Cone: elements, types, formulas, cone trunk

we call cone a geometric solid, also known as a round body or solid of revolution, which it has a circular base and is constructed from the rotation of a triangle.. The cone and other geometric solids are objects of study of spatial geometry. According to its characteristics, it can be classified as:

• straight cone;
• oblique cone;
• equilateral cone.

There is specific formulas for calculating the total area and volume of the cone.

Read too: What are geometric shapes?

Icon elements

the cone is a solid geometric known as revolution solid. Very present in our daily lives, it is known as a solid of revolution for being built from the rotation of a triangle.

Its base is always a circle. In addition to the base itself, another important element is the lightningr of the circumference, known as the radius of the base of the cone. Also, there is the vertex of the cone (V) and the height (h), which, by definition, is the segment that leaves the vertex and is perpendicular to the base, that is, it forms an angle of 90º.

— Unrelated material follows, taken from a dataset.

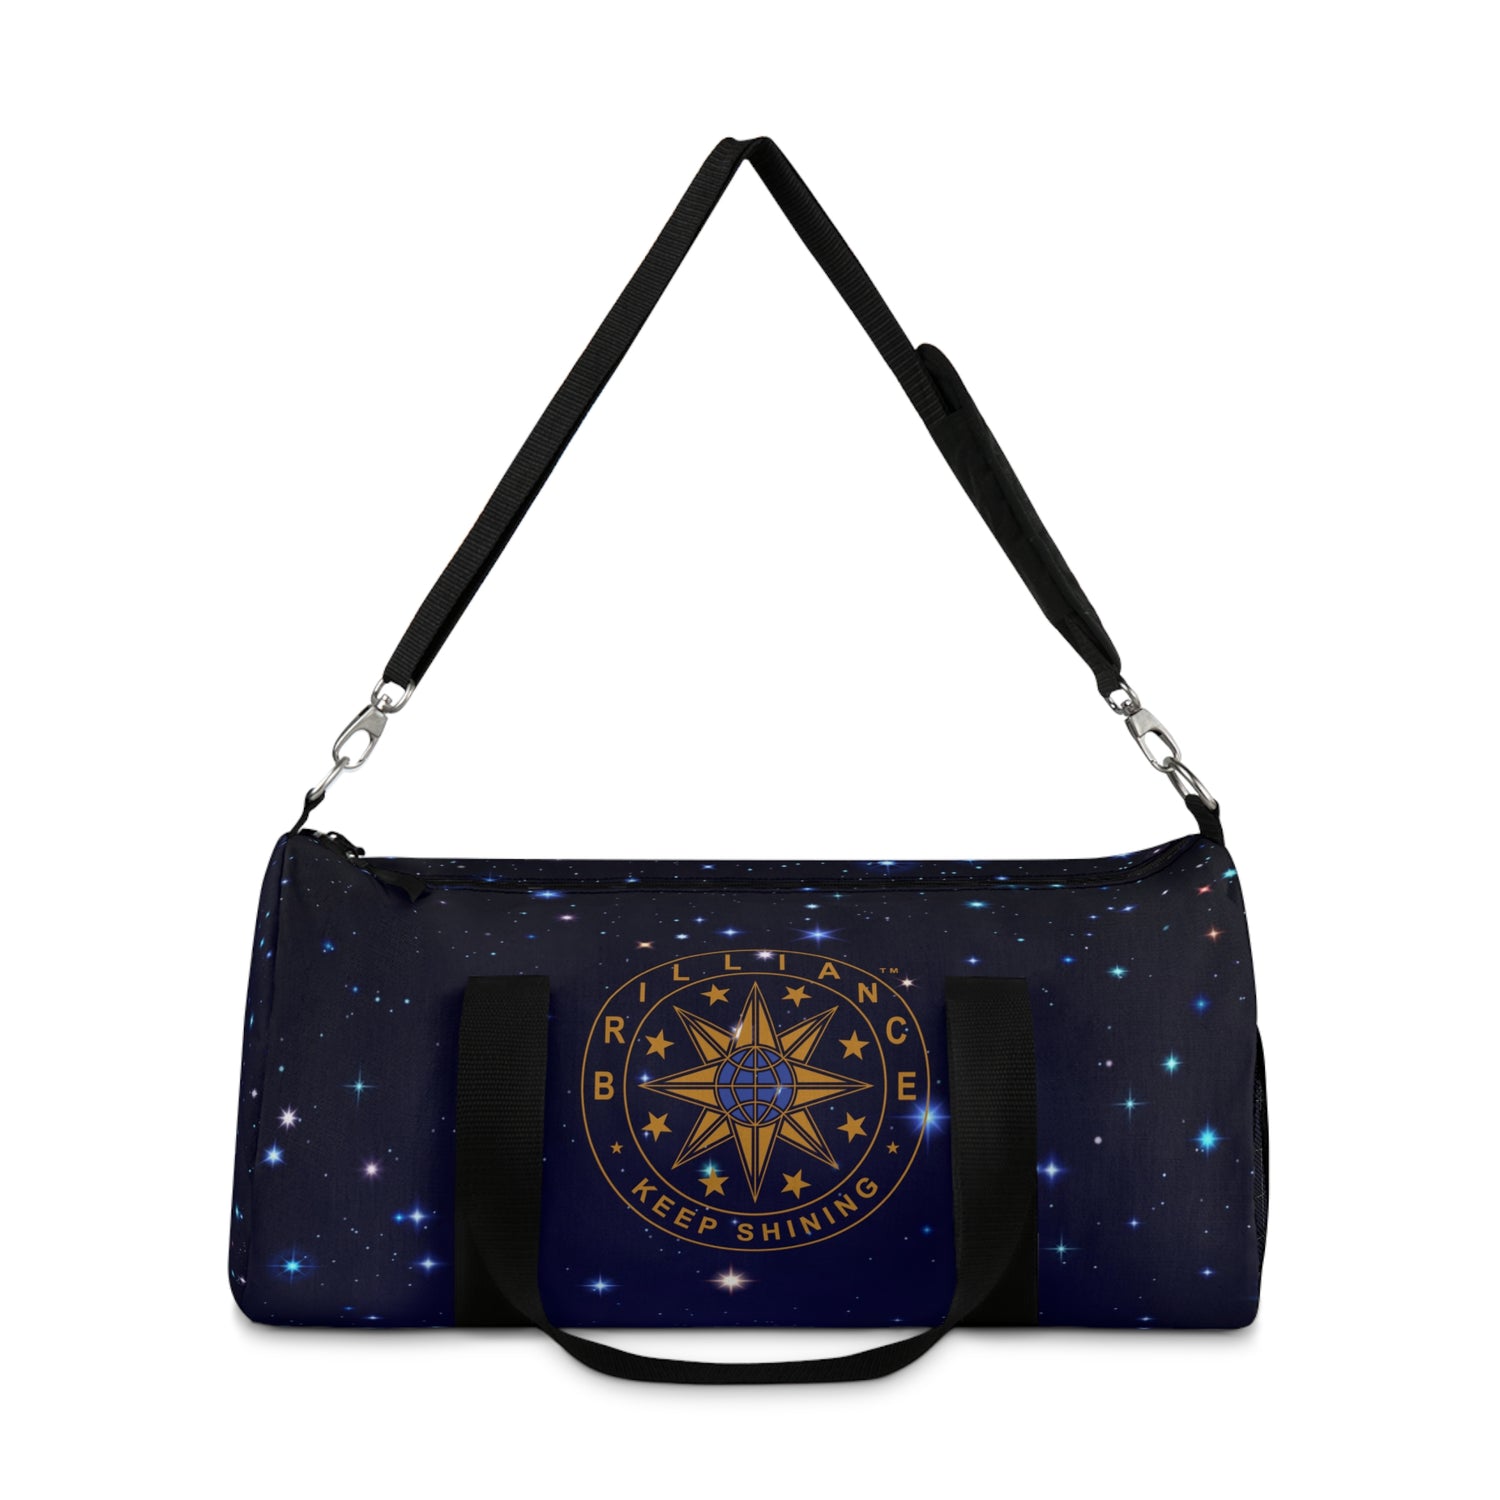 Brilliance Duffel Bag with Starry Night Print and Logo

In addition to the elements already mentioned, there is another important element in the cone, which is the generatrix. We call any segment that starts from the vertex and meets the circumference from the base.

The generatrix is ​​the AV line segment in the image. Note that he is the hypotenuse of the stroke triangle, soon we can establish a relationship Pythagorean between radius, height and generatrix.

g² = r² + h²

g → cone generator

r→ base radius

H→ height

See too: What are the applications of Pythagoras' theorem?

Icon classification

According to its characteristics, we can classify the cone in two cases: straight or oblique. As a particular case of a straight cone, there are equilateral cones.

• oblique cone

A cone is known as oblique when the segment connecting the vertex with the center of its base does not match the height of the cone.

When the vertex is not aligned with the center of the base, the segment that connects the vertex to the center of the circumference it is no longer the height as in the straight cone. note that the axis of the cone, in the image, is not perpendicular to the base. In this case, their generatrices are not all congruent, so it is not possible to find their length by Pythagoras' theorem, with no specific formulas for the generatrix or for the volume and its area overall.

• straight cone

The cone is known as a straight when its axis coincides with the height of the cone, that is, the segment that connects the vertex to the center of the base circumference is perpendicular to the plane that contains the base of the cone.

• equilateral cone

A straight cone is known as equilateral when its diameter is equal to its generatrix.

Note that the AVB triangle is an equilateral triangle, that is, all sides are congruent, which means that its generatrix is ​​congruent to the diameter of the base and that, consequently, the length of the generatrix is ​​equal to twice the length of the radius of the base.

Also access: Conics – figures formed by the intersection of a plane and a double cone

Cone formulas

When studying geometric solids, there are two important calculations for each of them, which is the volume calculation and the calculation of the total area of ​​the geometric solid. To calculate the value of cone volume of each of them, it is necessary to use specific formulas. Remember that these formulas are specific to the straight cone.

• Cone volume formula

r → base radius

V→ volume

h → height

• Total cone area formula

To calculate the total area, analyzing the planning of the cone, we will sum the lateral area with the base area of ​​a cone.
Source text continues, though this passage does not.